Automakers are increasingly obsessed with turning everything into a subscription service in a bid to boost quarterly returns. We’ve noted how BMW has embraced making heated seats and other fea…
If purchasing is not ownership, then pirating is not theft.
I think more technically-gifted people need to look into these “subscription” systems, in order to find workarounds. Because if it comes with my car, it’s mine to do whatever the f**k I want with it.
That said, these scum capitalists own their own regulatory bodies through legalized bribery. I very much believe they would use that power and succeed in getting legislation passed to make such hacks a major, felonious crime, in the interest of "public safety."

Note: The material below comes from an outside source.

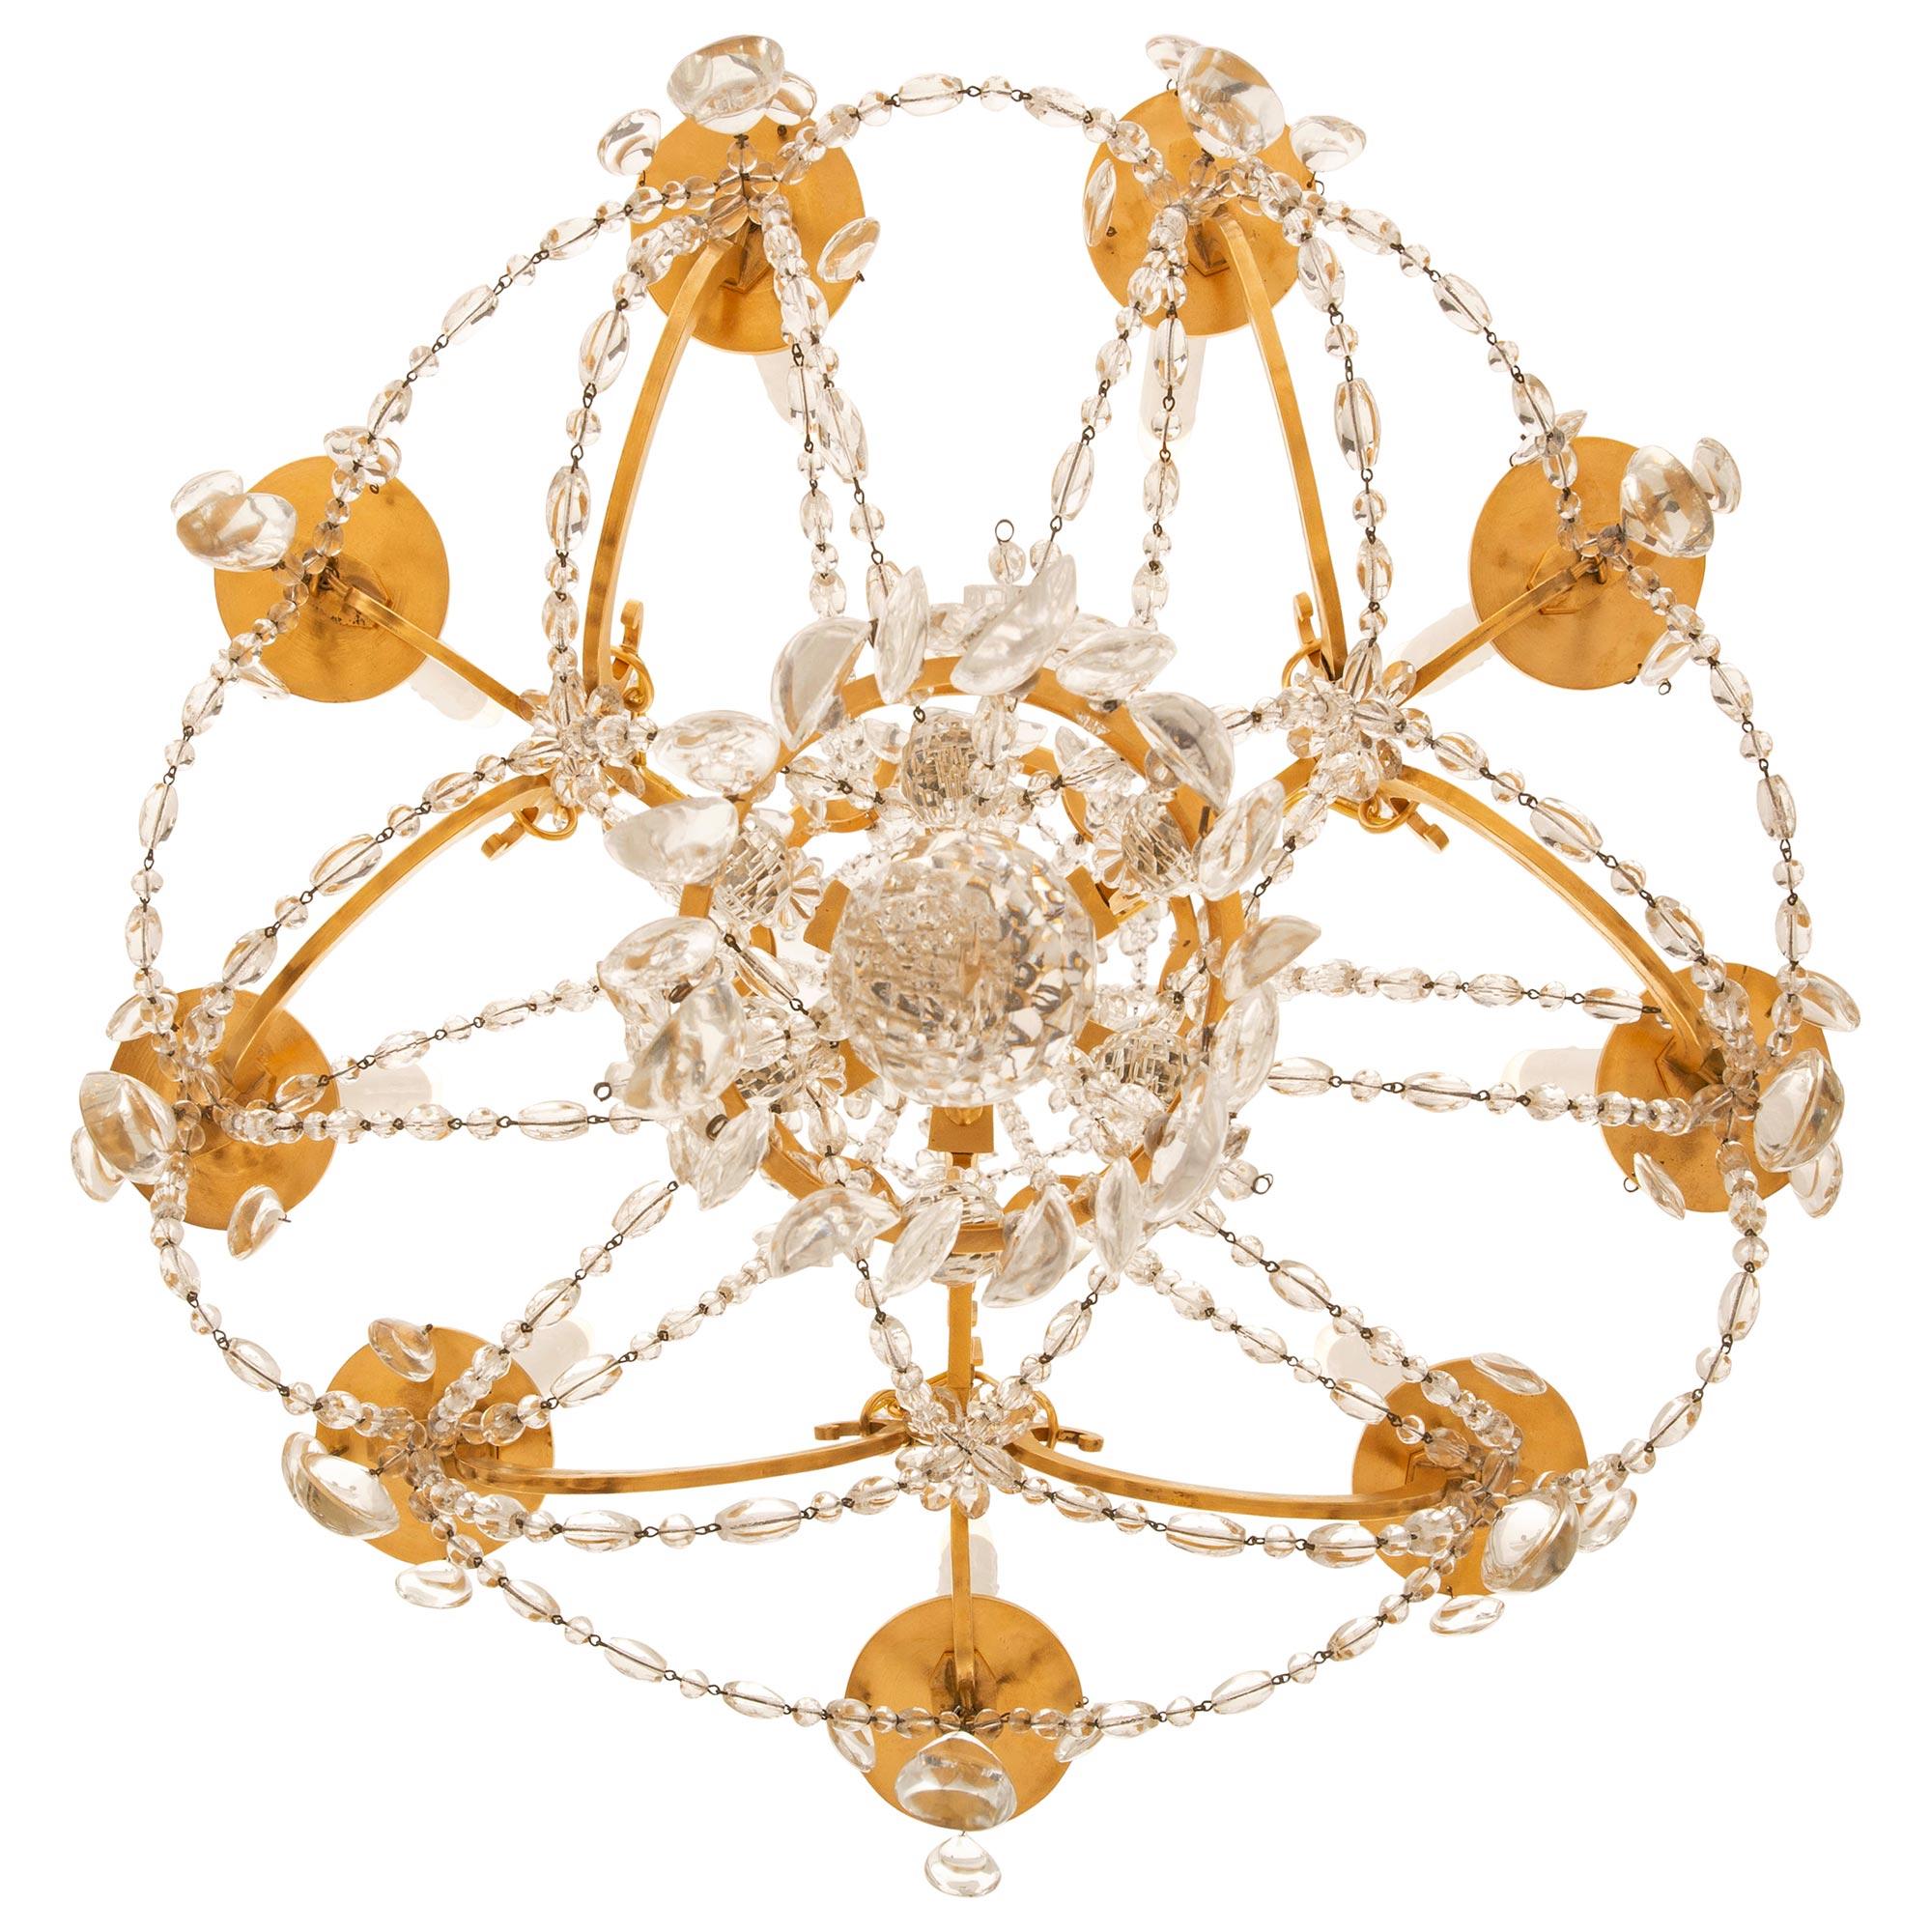 A stunning French 19th century Louis XVI st. Ormolu and Baccarat Marie Antoinette chandelier. This nine arm Marie Antoinette style chandelier is centered by a spectacularly cut Baccarat Crystal ball surrounded by a ring of tear drop shaped Crystals

The government likes this tech too, because it comes with a built in, always on connection, which just makes it easier and easier for agencies to gather intel on... everyone.
In a car? What exactly does the subscription enable? I probably would pay $20/mo if we're talking the difference between base model and the gee wiz model, but only if it's the "car stuff"...like I wouldn't have any real interest in shit like wifi hotspot and movie screens, but If it enables Pandora/xm, heated seats and steering wheel, collision detection, adaptive cruise... I'd be up for that. I'd probably go $5/mo on adaptive cruise alone tbh.
The real question was brought up in the article though... The question of wether that potential residual revenue is left out of the original MSRP. Are we selling all cars at base model price, and getting the value of all the options from just those who pay for them... Or, are we selling every car at "fully loaded" price, since they've all had all the work and materials put in to all potentially be a "fully loaded" vehicle...
I believe it's the latter, in which case they are, in fact, simply ripping everyone off. The non-subscribers pay for options they can't use because they won't subscribe, and the subscribers pay for those options twice.
Of course, right to repair might completely fuck the whole plan at some point. Locking out options would require locking out third party repairs, and that might make the concept untenable if it runs afoul of right to repair laws, and I'd bet at some point it will.
Basically you'll lose adaptive cruise control, remote start and a bunch of other features that cost the manufacturer literally nothing and give the end user no added benefit other than an illusion of ownership.
Why the fuck they think they can do this is absolutely horseshit. It's like Verizon wanting an extra 30 a month to use the built in already existing hotspot function on my phone. Fuck off Verizon.
These kinds of practices are somewhat common in software, notably Oracle and Cisco have been doing this for years. You have everything embedded to make the feature work but you have to pay extra to enable it. This is fucking bonkers.
Did you know a Stadler 4-unit FLIRT train costs $12,500,000 and has a capacity of 420 people? Let's just say that we're using a badly designed public transit system and the train only moves these same 420 people around for its lifetime and compare to how they'd do with a car. I'm not going to get into maintenance, because it would really be overkill.
So, cost per person to acquire transport:
-FLIRT: $12,500,000 / 420 people = $29,761/person
-Cars: according to KBB, the average cost of a new car in the US in 2023 is $48,008, so ~$48,008/person. That's a total of $20,163,360, if you were wondering.
The cost of car ownership is nearly double, and that figure gets much, much worse if we gave the FLIRT realistic ridership numbers. So, now let's talk about cost over service life:
Average car service life: 12 years. $48,008/person/12 years works out to $4000/year/person
Average electric train (and apparent FLIRT) service life: about 30 years, give or take. At $29,761/person/30 years, that's just $900/person/year.
BUT WAIT, THERE'S MORE!
Those life spans weren't equal. Let's fix that. The car user ends up buying at least one more car over the train's lifespan (30/12=2.5), so let's compare apples to apples. Let's take that $4000/person/year figure and hit it with that 2.5 cars to see what it really costs. That's $4000/person/year x 30 years for $120,000, then multiply it back by 420 people for a total of $50.4 million spent just on buying cars over the train's lifespan by just enough people to fill it to capacity once. You could buy four four-car Stadler FLIRTs for that price and still have some cash for hookers and blow.
Again, the gulf between these figures gets a lot more brutal with realistic ridership figures. So, public transit is cheaper. It requires a larger up front investment, and in the US we need better urbanism to support it, but it's cheaper. Not only that, but public transit won't double dip by selling your private details to advertisers to satisfy their hungry, hungry investors. If we added the value that auto makers extract in terms of selling your data and selling subscriptions, I think these numbers would just be a fucking bloodbath, and that's before we even get into the other costs of car ownership.